_GOAL OF THE EXERCISE_
Return the entries below in their exact form, leaving the pictures out.

[Source records]
——

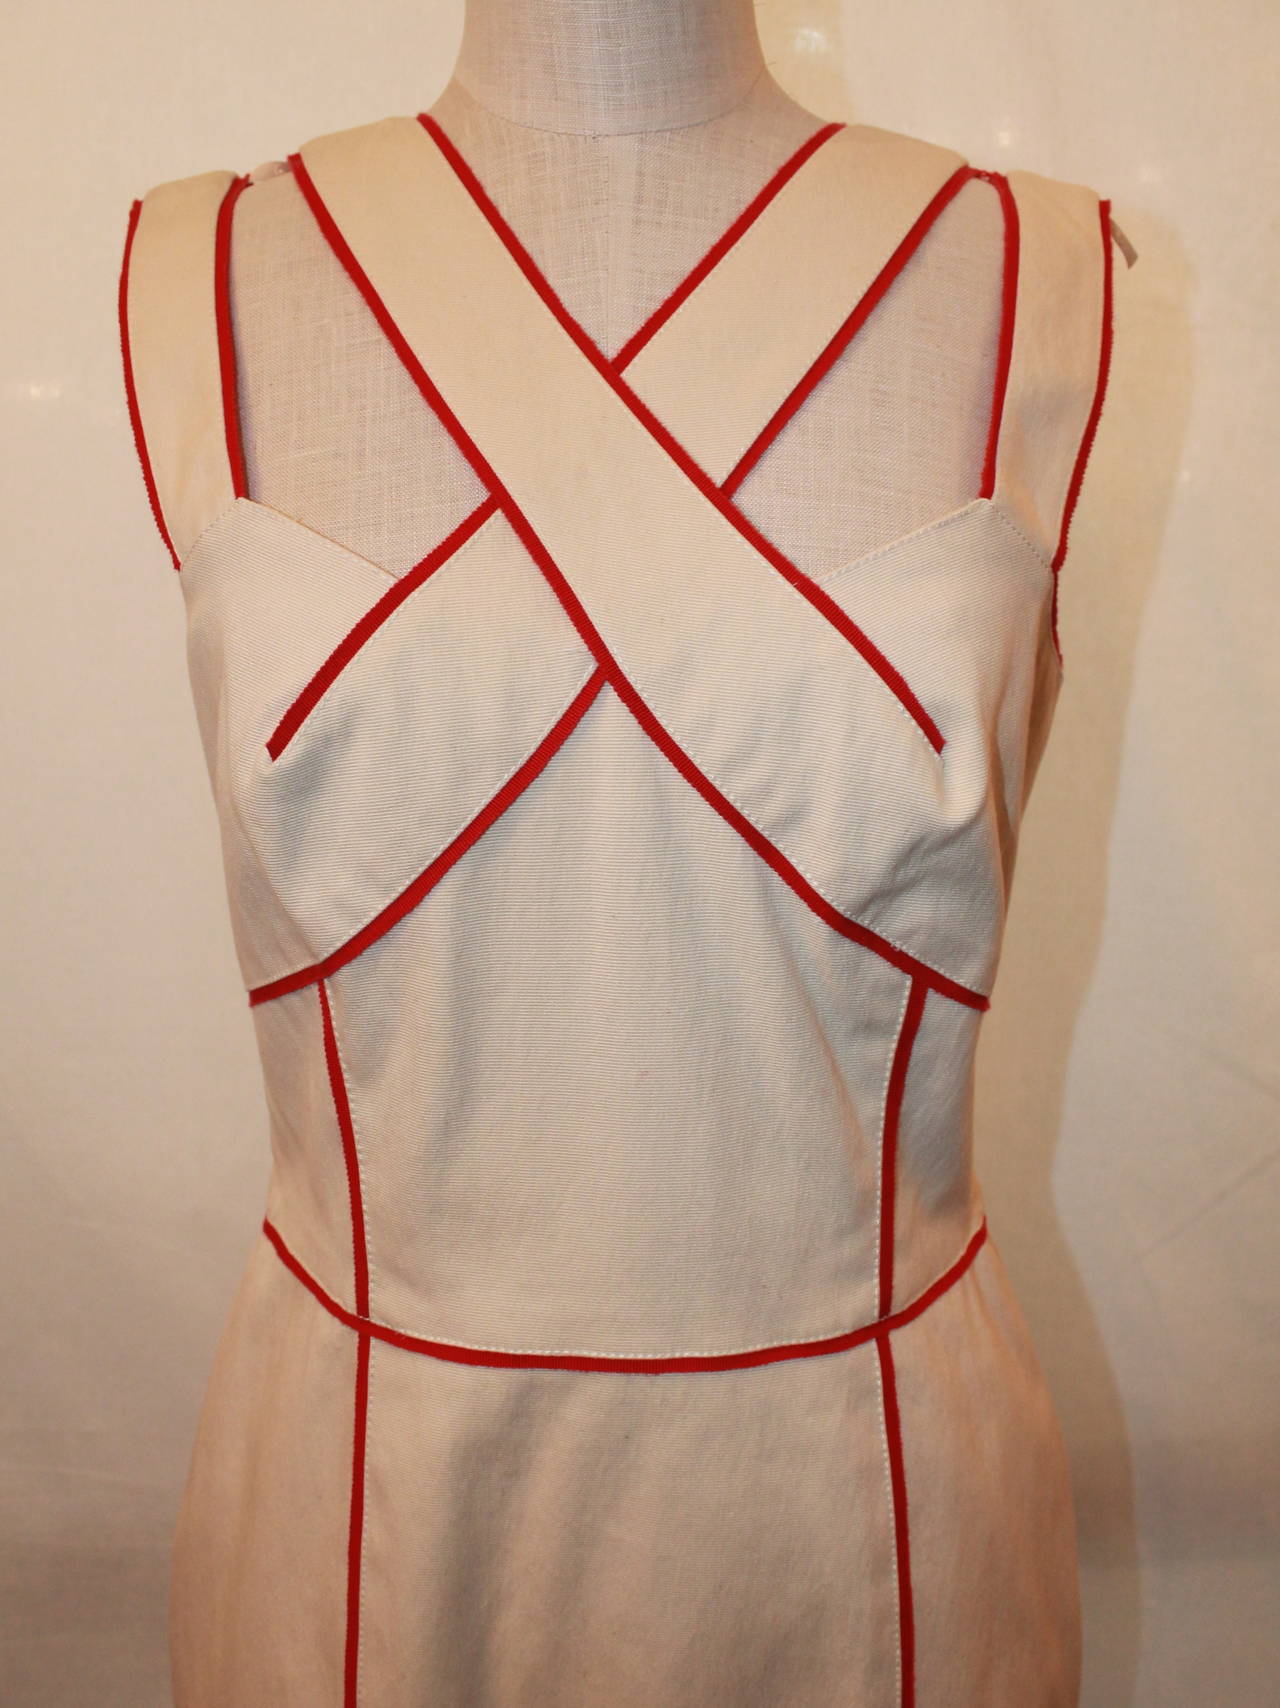 Oscar De La Renta Cream Dress with Red Trim - 10. This is dress is in impeccable condition.

Measurements:
Bust- 33
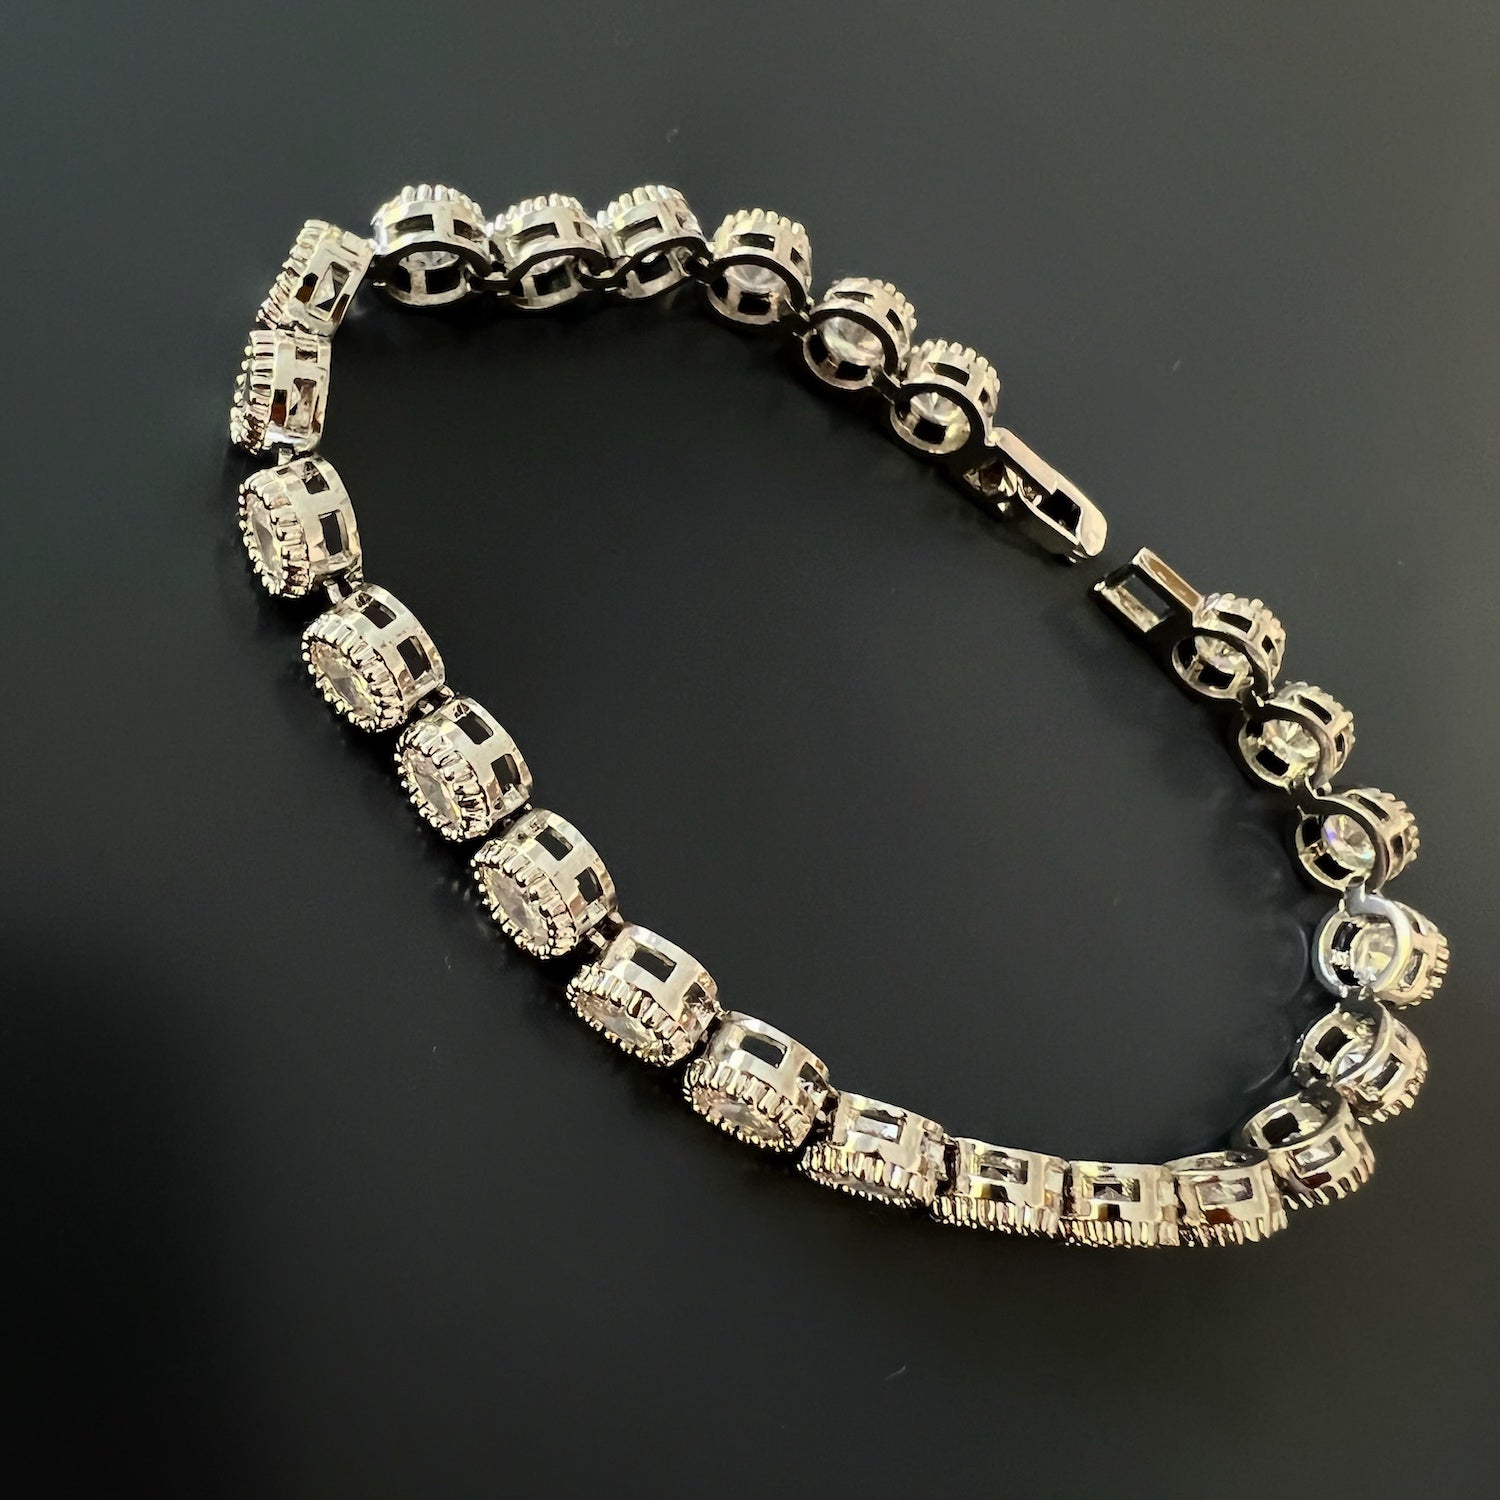 Detailed shot of the secure clasp on the Diamond Tennis Bracelet, ensuring a comfortable and secure fit.
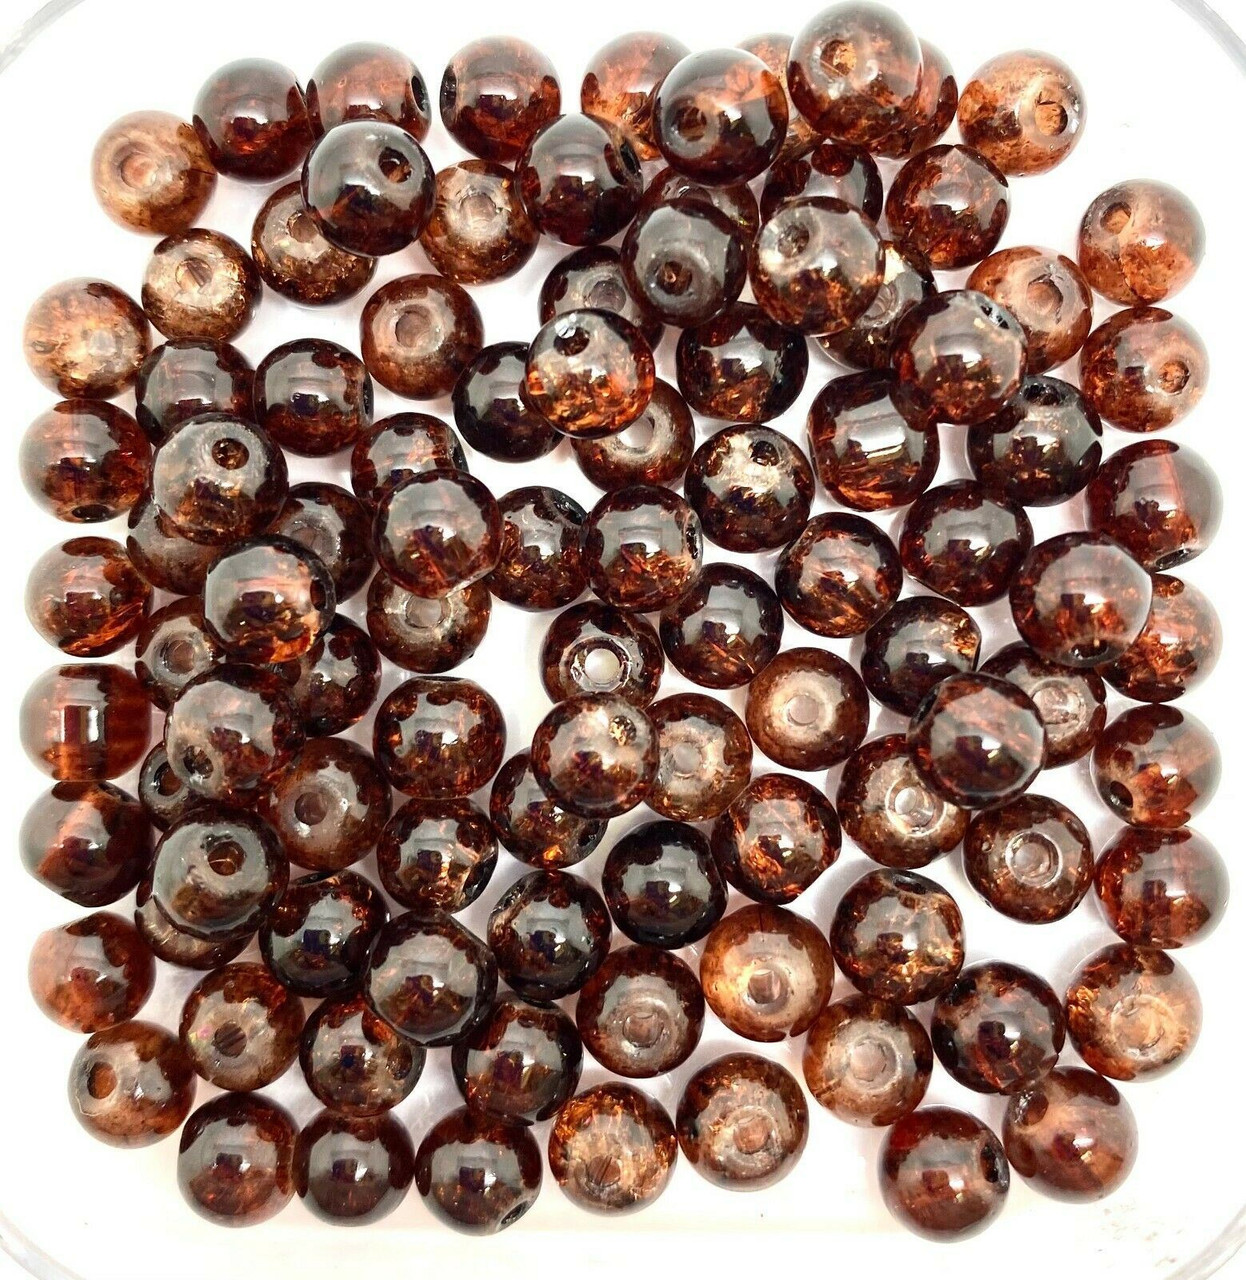 6mm Crackle Glass Beads - Brown, 100 beads
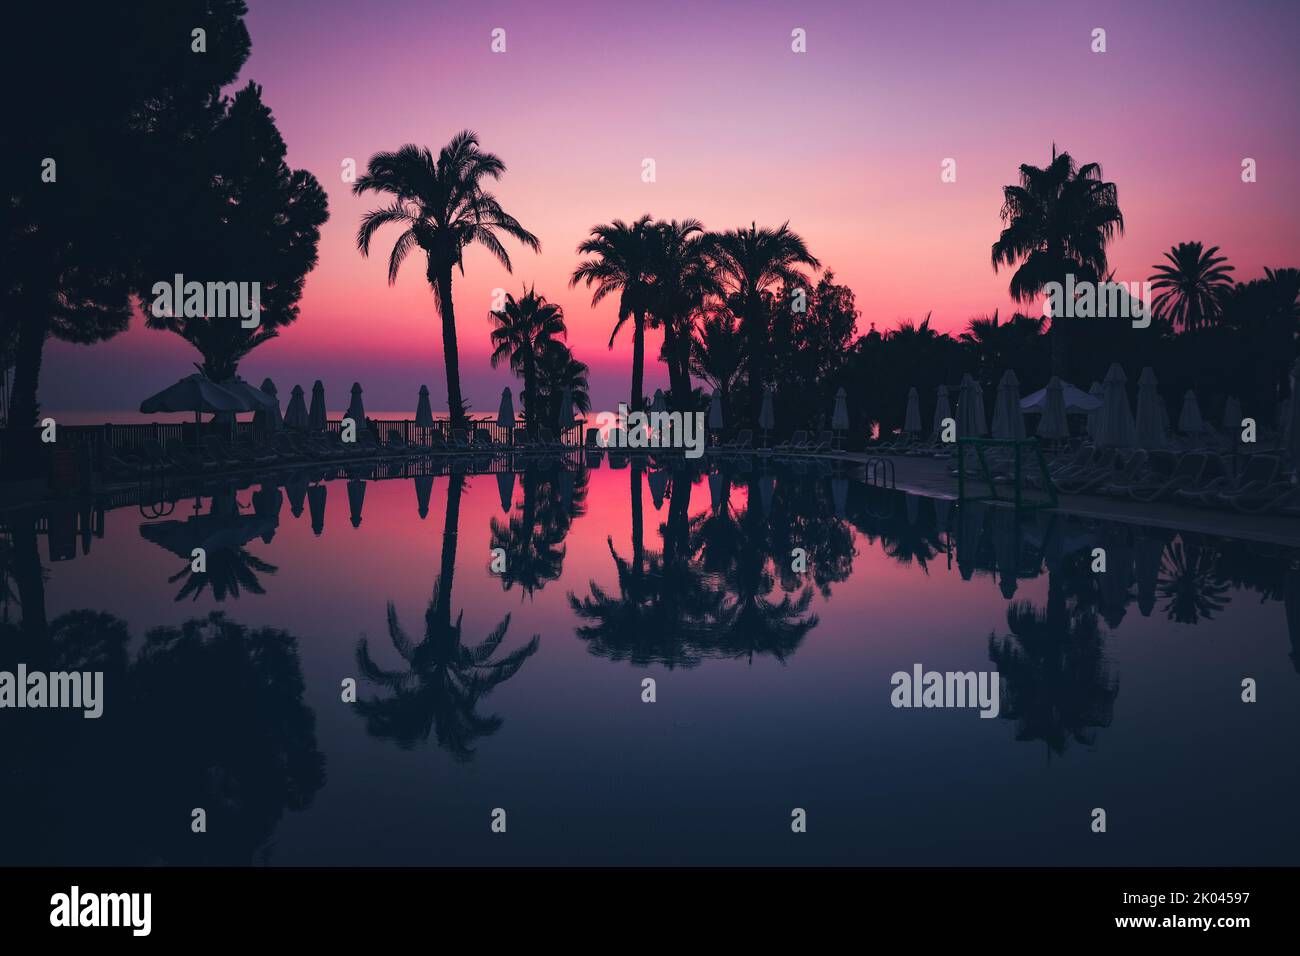 Silhouette of palm trees at the resort pool on pink and purple sunset sky, landscape image. Stock Photo

——

_OUTPUT OF THE EXERCISE_
 Oscar De La Renta Cream Dress with Red Trim - 10. This is dress is in impeccable condition.

Measurements:
Bust- 33
 Detailed shot of the secure clasp on the Diamond Tennis Bracelet, ensuring a comfortable and secure fit.
 6mm Crackle Glass Beads - Brown, 100 beads
 Silhouette of palm trees at the resort pool on pink and purple sunset sky, landscape image. Stock Photo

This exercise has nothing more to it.